Write a file in UTF-8 using FileWriter (Java)?
Solution 1:
Safe Encoding Constructors
Getting Java to properly notify you of encoding errors is tricky. You must use the most verbose and, alas, the least used of the four alternate contructors for each of InputStreamReader
and OutputStreamWriter
to receive a proper exception on an encoding glitch.

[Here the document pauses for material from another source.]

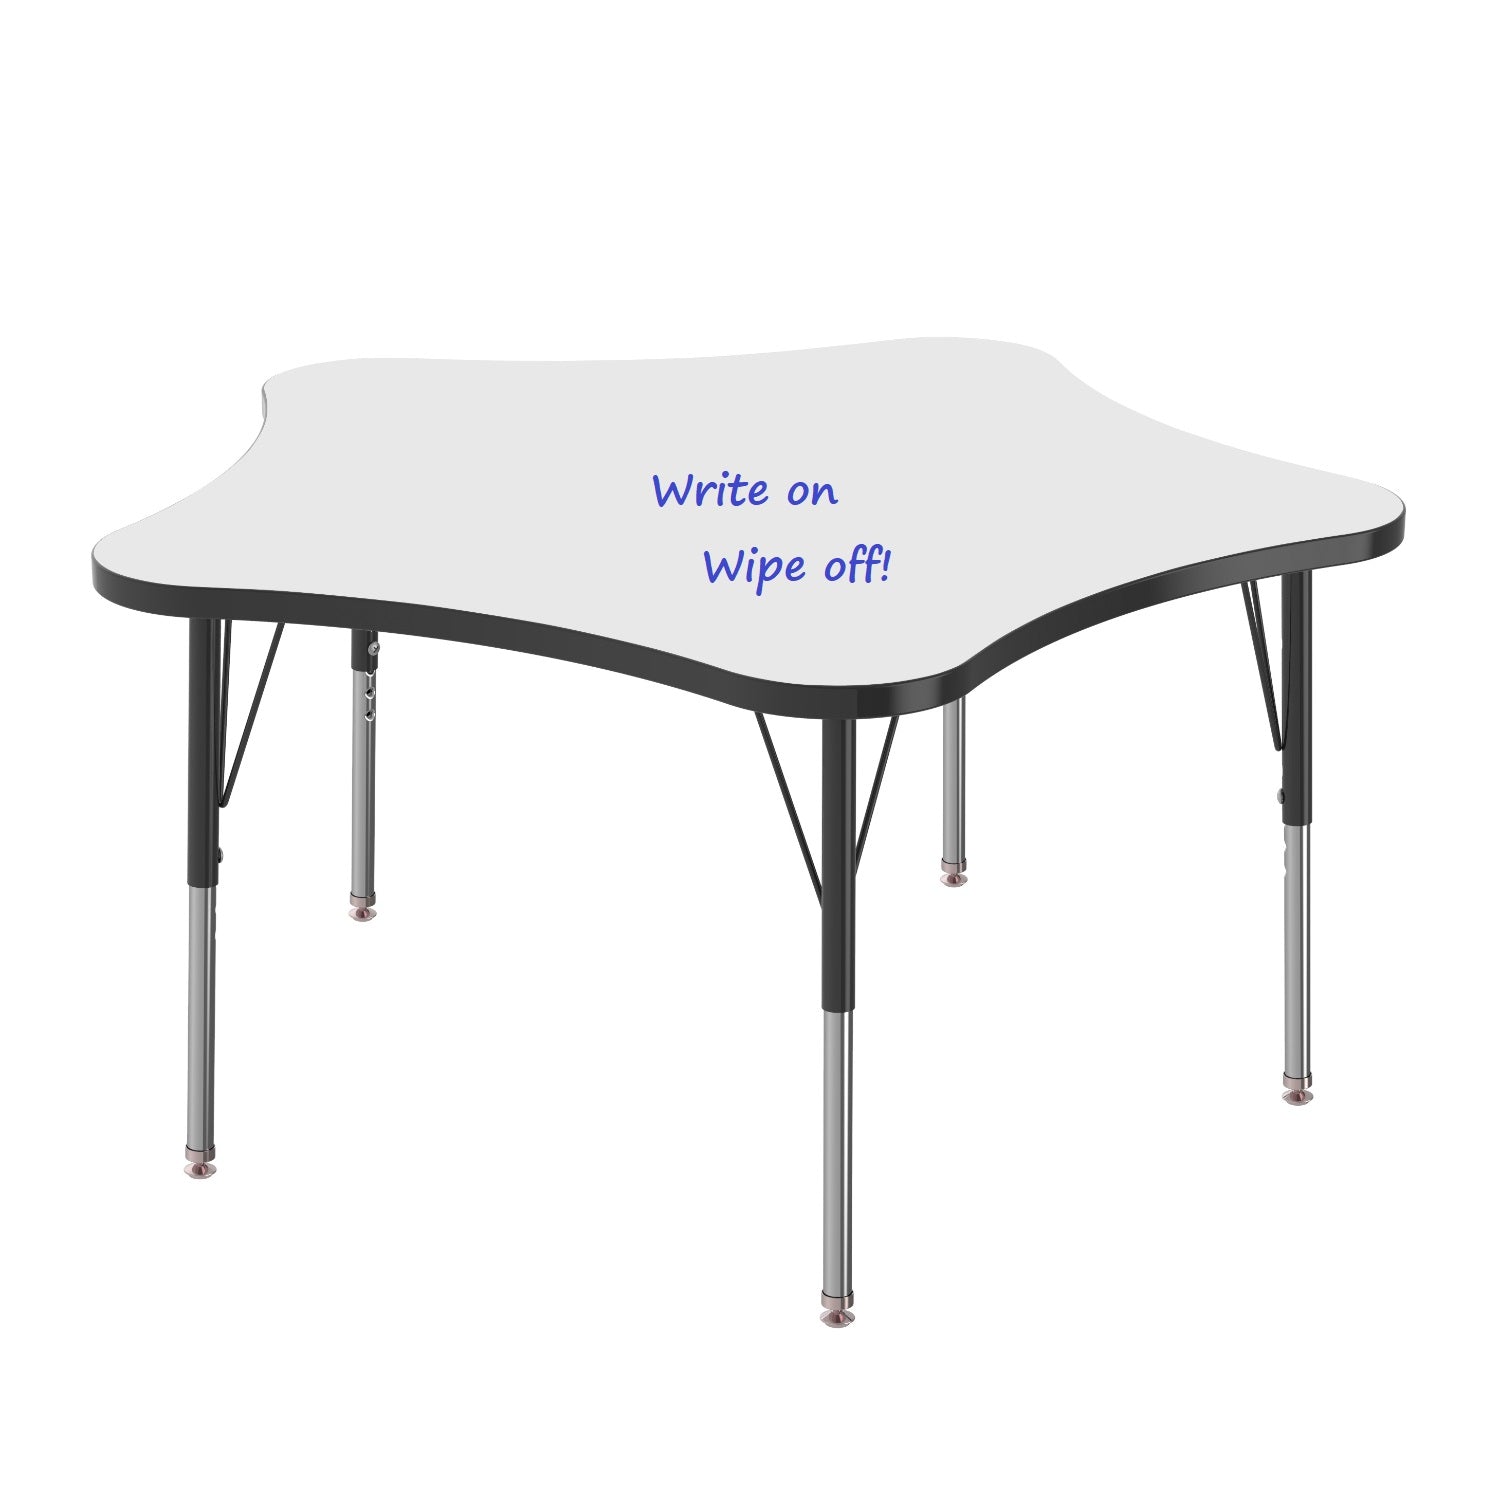 MG Series Adjustable Height Activity Table with White Dry Erase Markerboard Top, 48" 5-Star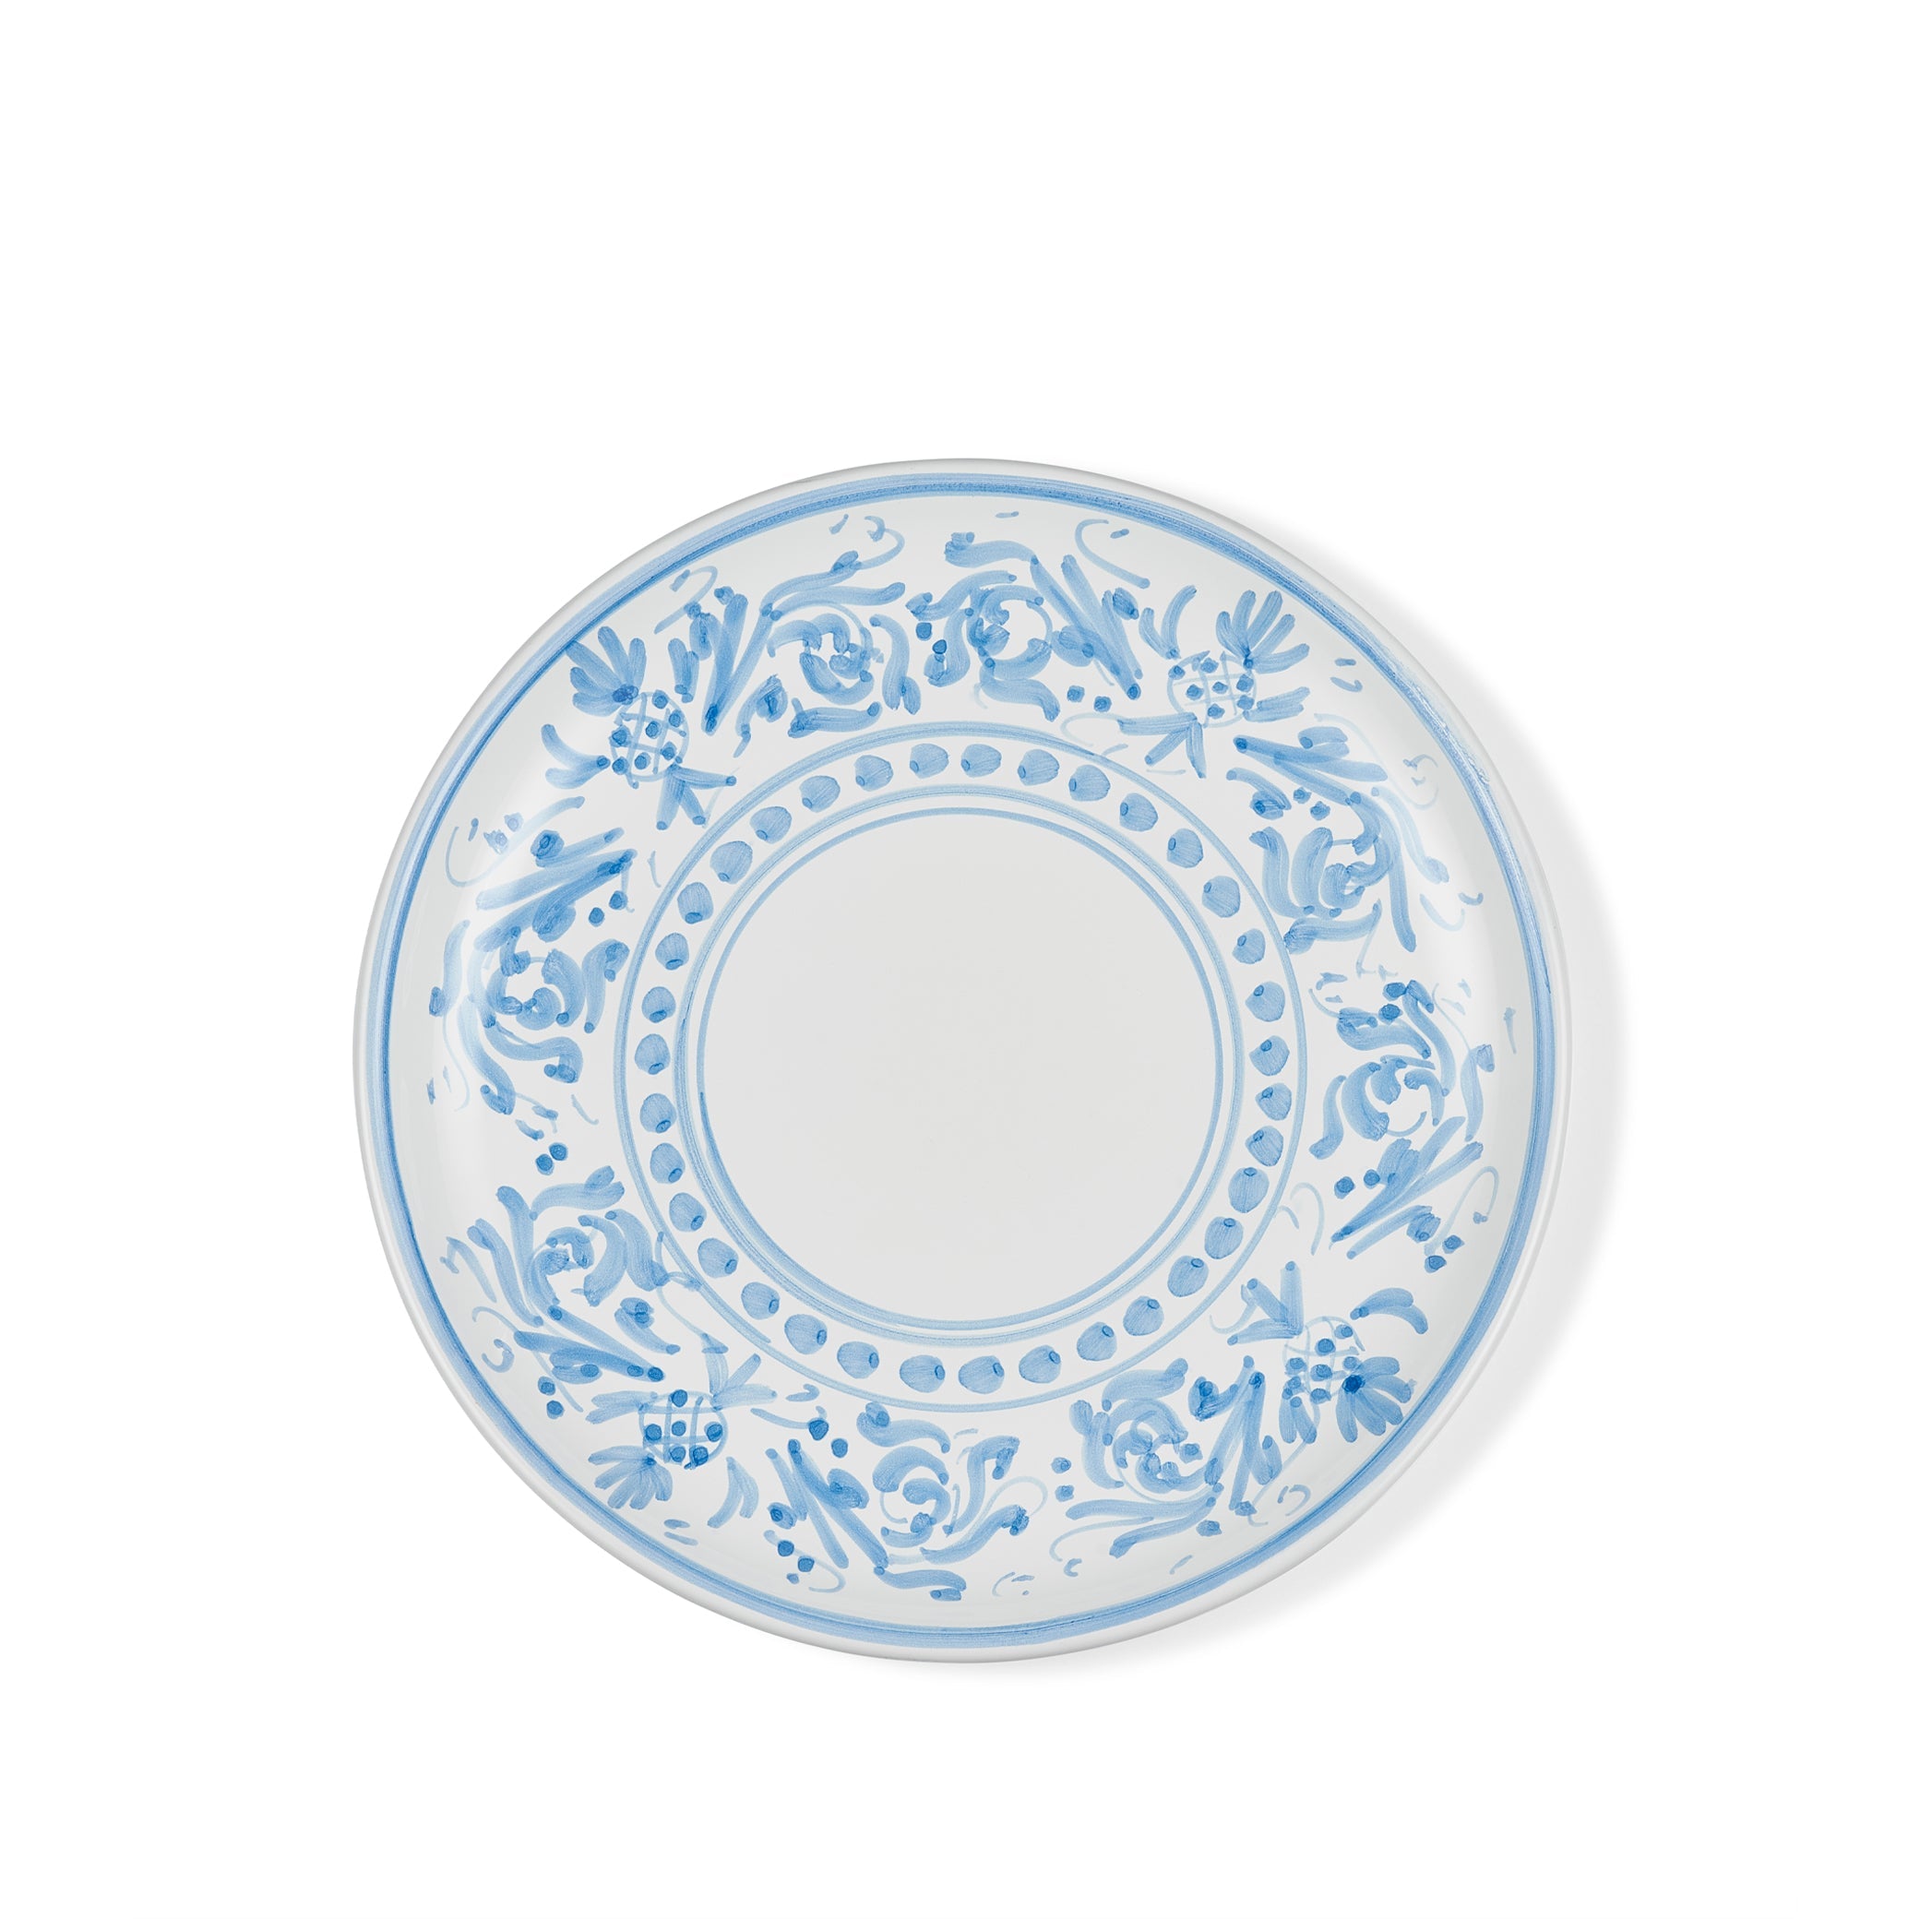 S&B Decorated Dinner Plate in White With Light Blue Pattern, 26cm

For file I/O, always make sure to always use as the second argument to both OutputStreamWriter
and InputStreamReader
the fancy encoder argument:
Charset.forName("UTF-8").newEncoder()
There are other even fancier possibilities, but none of the three simpler possibilities work for exception handing. These do:
OutputStreamWriter char_output = new OutputStreamWriter(
new FileOutputStream("some_output.utf8"),
Charset.forName("UTF-8").newEncoder()
);
InputStreamReader char_input = new InputStreamReader(
new FileInputStream("some_input.utf8"),
Charset.forName("UTF-8").newDecoder()
);
As for running with
$ java -Dfile.encoding=utf8 SomeTrulyRemarkablyLongcLassNameGoeShere
The problem is that that will not use the full encoder argument form for the character streams, and so you will again miss encoding problems.
Longer Example
Here’s a longer example, this one managing a process instead of a file, where we promote two different input bytes streams and one output byte stream all to UTF-8 character streams with full exception handling:
// this runs a perl script with UTF-8 STD{IN,OUT,ERR} streams
Process
slave_process = Runtime.getRuntime().exec("perl -CS script args");
// fetch his stdin byte stream...
OutputStream
__bytes_into_his_stdin = slave_process.getOutputStream();
// and make a character stream with exceptions on encoding errors
OutputStreamWriter
chars_into_his_stdin = new OutputStreamWriter(
__bytes_into_his_stdin,
/* DO NOT OMIT! */ Charset.forName("UTF-8").newEncoder()
);
// fetch his stdout byte stream...
InputStream
__bytes_from_his_stdout = slave_process.getInputStream();
// and make a character stream with exceptions on encoding errors
InputStreamReader
chars_from_his_stdout = new InputStreamReader(
__bytes_from_his_stdout,
/* DO NOT OMIT! */ Charset.forName("UTF-8").newDecoder()
);
// fetch his stderr byte stream...
InputStream
__bytes_from_his_stderr = slave_process.getErrorStream();
// and make a character stream with exceptions on encoding errors
InputStreamReader
chars_from_his_stderr = new InputStreamReader(
__bytes_from_his_stderr,
/* DO NOT OMIT! */ Charset.forName("UTF-8").newDecoder()
);
Now you have three character streams that all raise exception on encoding errors, respectively called chars_into_his_stdin
, chars_from_his_stdout
, and chars_from_his_stderr
.
This is only slightly more complicated that what you need for your problem, whose solution I gave in the first half of this answer. The key point is this is the only way to detect encoding errors.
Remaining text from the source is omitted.